Voscherau empfiehlt seiner Partei Gespräche mit den Liberalen und geht damit auf Konfrontationskurs zu Scholz, der die GAL präferiert.

Hamburg. Zwei Wochen vor der Bürgerschaftswahl hat Altbürgermeister Henning Voscherau (SPD) die Debatte um ein sozialliberales Bündnis in der Hansestadt neu entfacht. Im "Focus" empfahl er seiner Partei in Hamburg eine Koalition mit der FDP und eine Abkehr von einem möglichen rot-grünen Bündnis. Damit geht er auf Konfrontationskurs zu SPD-Spitzenkandidat Olaf Scholz. Dieser hat sich auf die GAL als "Wunschpartner" in einer Koalitionsregierung festgelegt.

Voscherau sagte dem Nachrichtenmagazin: "Die unideologischen Salon-Grünen haben es aufgrund von Fehlleistungen und Verfilzung am meisten verdient, nach der Wahl in der Opposition zu landen." Voscherau selbst hatte 1993 als Bürgermeister Koalitionsverhandlungen mit den Grünen abgebrochen, war ein Bündnis mit der STATT Partei eingegangen. Als vier Jahre später alles auf ein SPD/GAL-Bündnis zulief, trat Voscherau am Wahlabend zurück.

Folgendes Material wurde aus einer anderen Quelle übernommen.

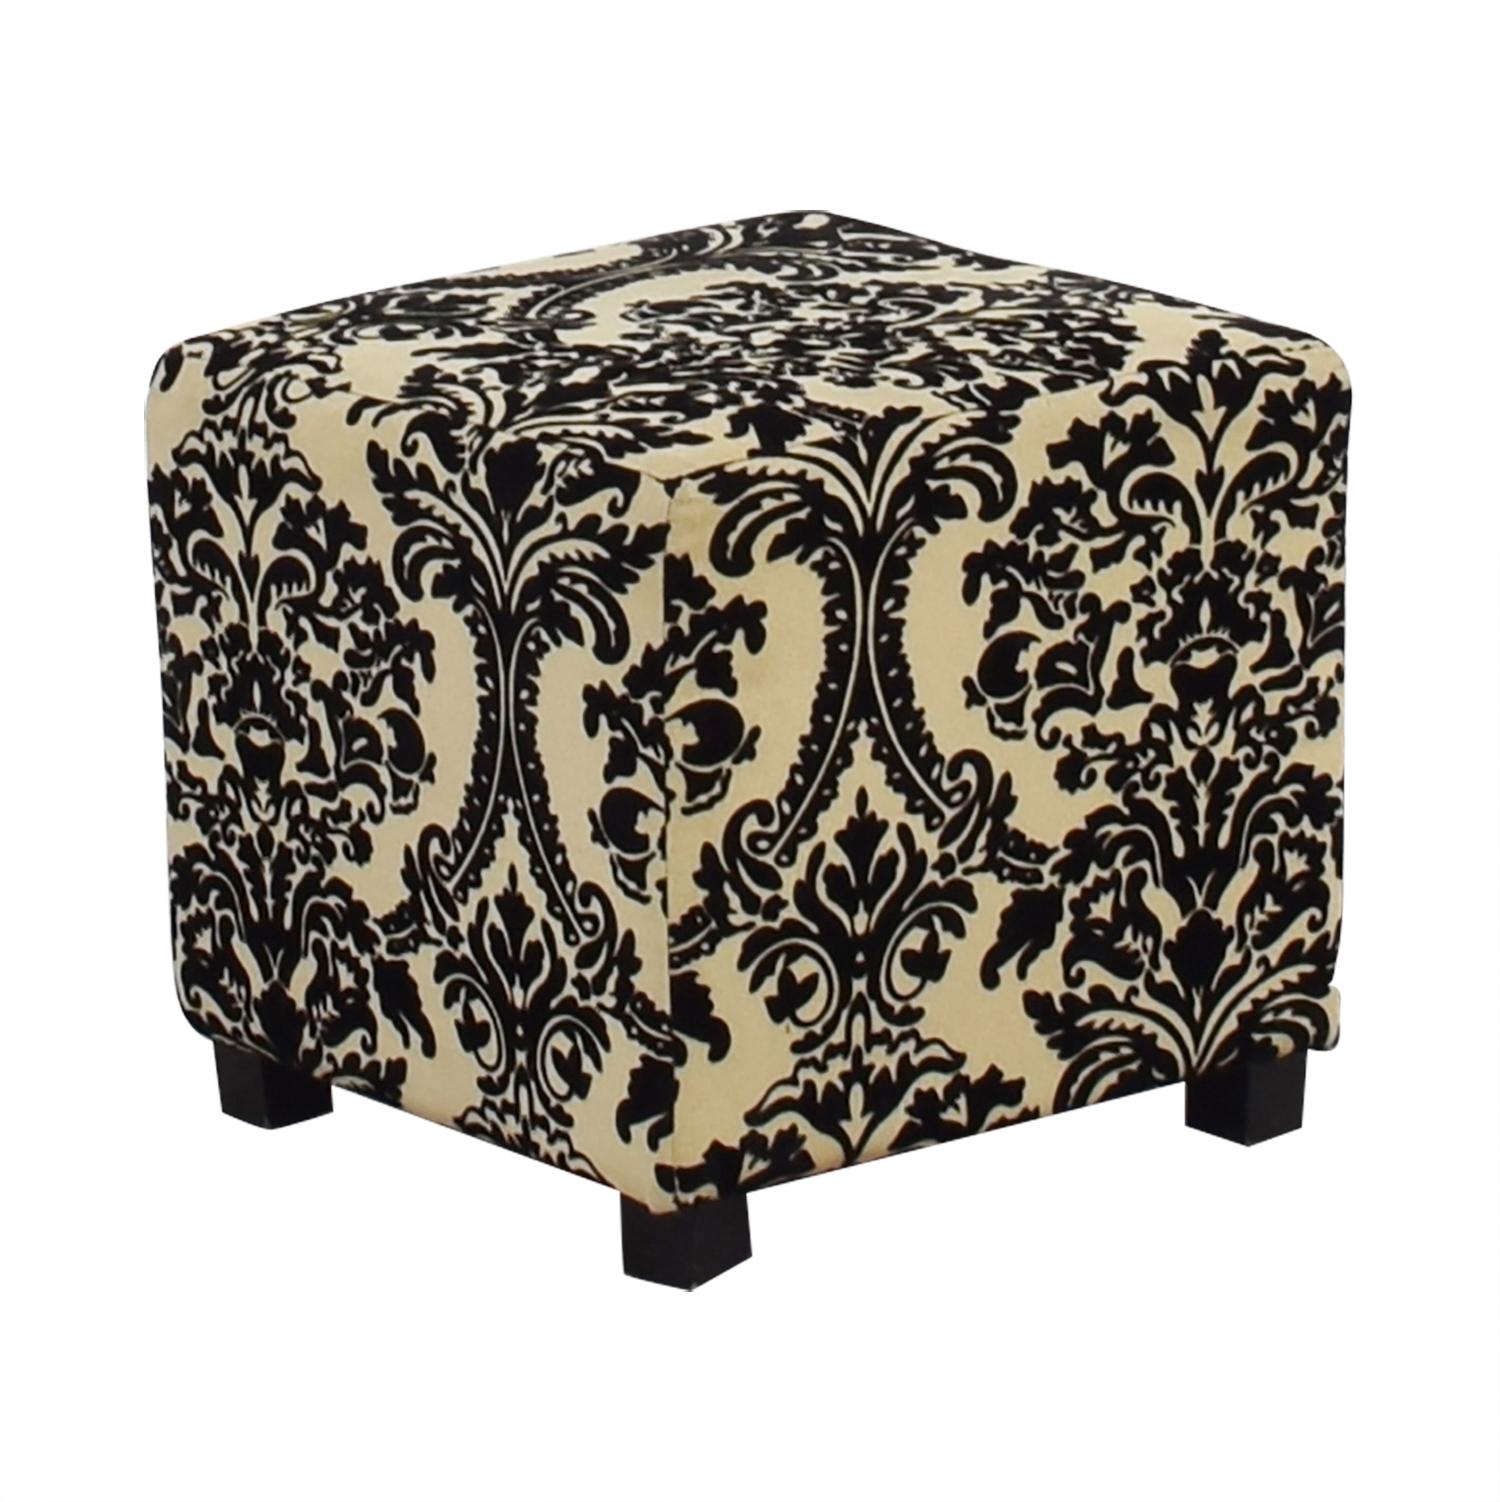 Marvelous 64 Off Bed Bath Beyond Bed Bath Beyond Black White Ottoman Chairs Machost Co Dining Chair Design Ideas Machostcouk
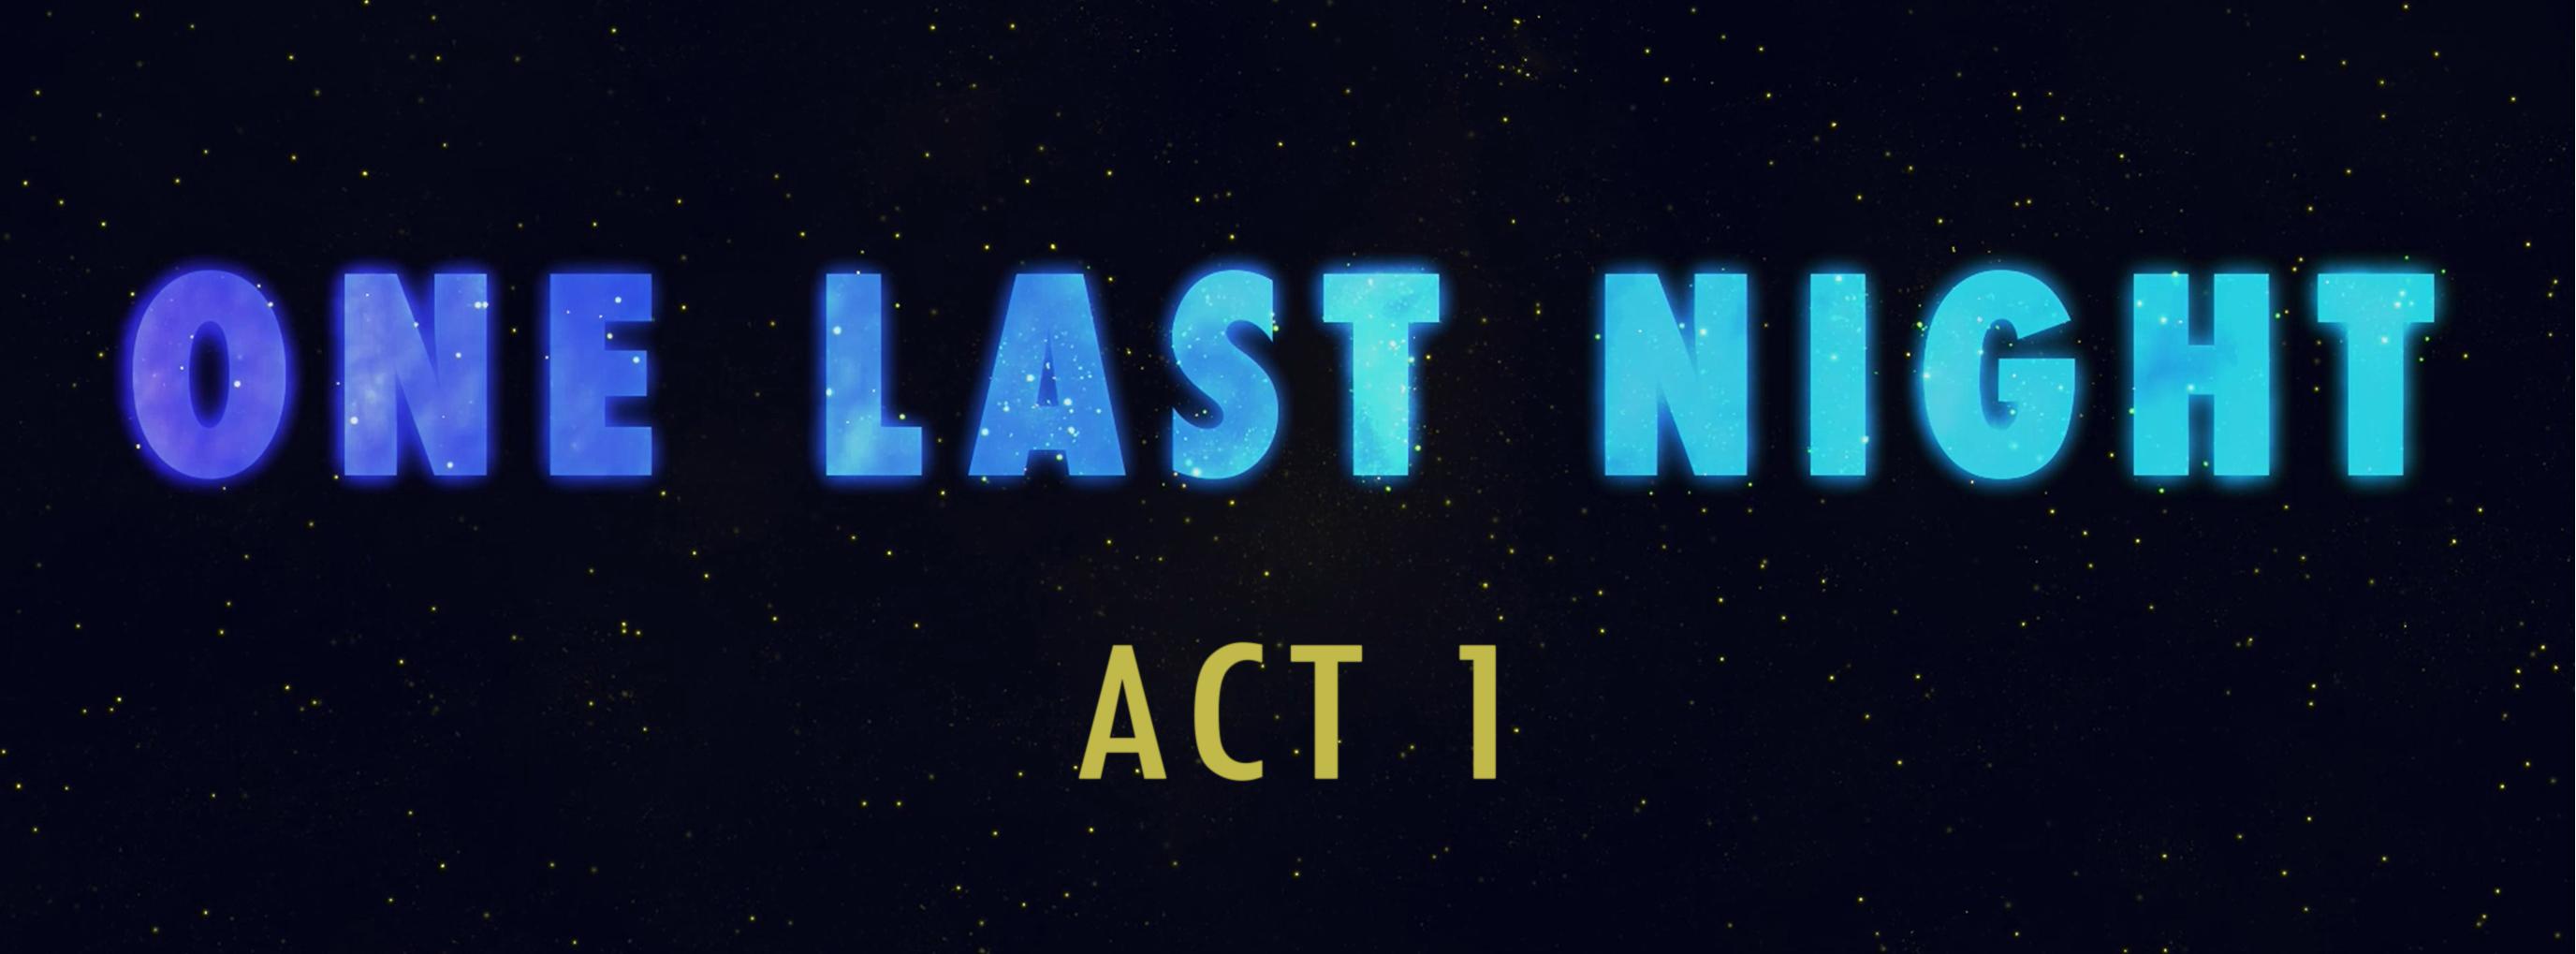 One Last Night - Act 1

Zustimmung bekommt der frühere Bürgermeister von den Hamburger Jusos. Deren Chef, Nicholas Gildemeister, sagte dem Abendblatt: "Es darf keinen Automatismus geben, dass die SPD der GAL alles zusagt, ohne andere Optionen zu prüfen." Zumal es nach der jüngsten Meinungsumfrage so aussieht, als ob es die Liberalen in die Bürgerschaft schaffen könnten. "Man muss sich gegebenenfalls mit beiden möglichen Partnern hinsetzen und schauen, mit wem mehr SPD möglich ist", sagte Gildemeister.

Andere führende Sozialdemokraten in Hamburg dagegen warnen vor einem Koalitionspartner FDP. Innenexperte Andreas Dressel sagte dem Abendblatt: "Hinter Spitzenkandidatin Katja Suding tun sich ziemliche Abgründe auf. Ich habe nicht den Eindruck, dass die Hamburger Liberalen koalitionsfähig sind." Auch auf Bundesebene sei die Partei "eher eine Trümmertruppe". Der SPD-Bundestagsabgeordnete Johannes Kahrs sieht Voscheraus Vorstoß ebenfalls kritisch. "Das ist eine extreme Einzelmeinung." Er sei grundsätzlich der Meinung, "dass sich Ehemalige im Wahlkampf ein bisschen zurückhalten sollten", sagte Kahrs dem Abendblatt. Es gebe die Ansage, dass die SPD am ehesten mit der GAL koaliere. "Und daran halten wir uns."

Scholz selbst ging am Wochenende erneut auf Distanz zu den Liberalen. "Angesichts des Zustands der FDP im Bund wie auch in Hamburg ist es nicht nur unwahrscheinlich, dass die die Bürgerschaft erreichen, sondern man kann auch mit gutem Ernst sagen: Die Hamburger SPD ist die Alleinerbin der sozialliberalen Tradition der Stadt", sagte er der "Welt am Sonntag".

Obwohl Scholz sich auf die GAL als Wunschpartner in einer Koalition festgelegt hat, wird er aus der Spitze der Bundes-Grünen gerügt: Jürgen Trittin, Fraktionschef im Bundestag, kritisierte im Abendblatt-Interview Scholz' wirtschaftsfreundliche Politik. In der Frage der Zukunft der Strom- und Gasnetze fahre dieser einen "unklaren Kurs". Dabei komme eine "Neigung der SPD zu großen Konzernen sehr unverhohlen zum Ausdruck". Auch die von der SPD befürwortete Elbvertiefung lehnte Trittin ab. Für seine Partei komme eine Koalition mit der SPD nur "unter starker grüner Beteiligung" infrage. "Das wird auch nicht einfach", sagte Trittin.

FDP-Spitzenkandidatin Katja Suding zeigte sich "offen für Gespräche mit der SPD, aber nicht um jeden Preis. Mit uns wird es keine Koalition geben, in der neue Schulden gemacht werden", sagte sie dem Abendblatt.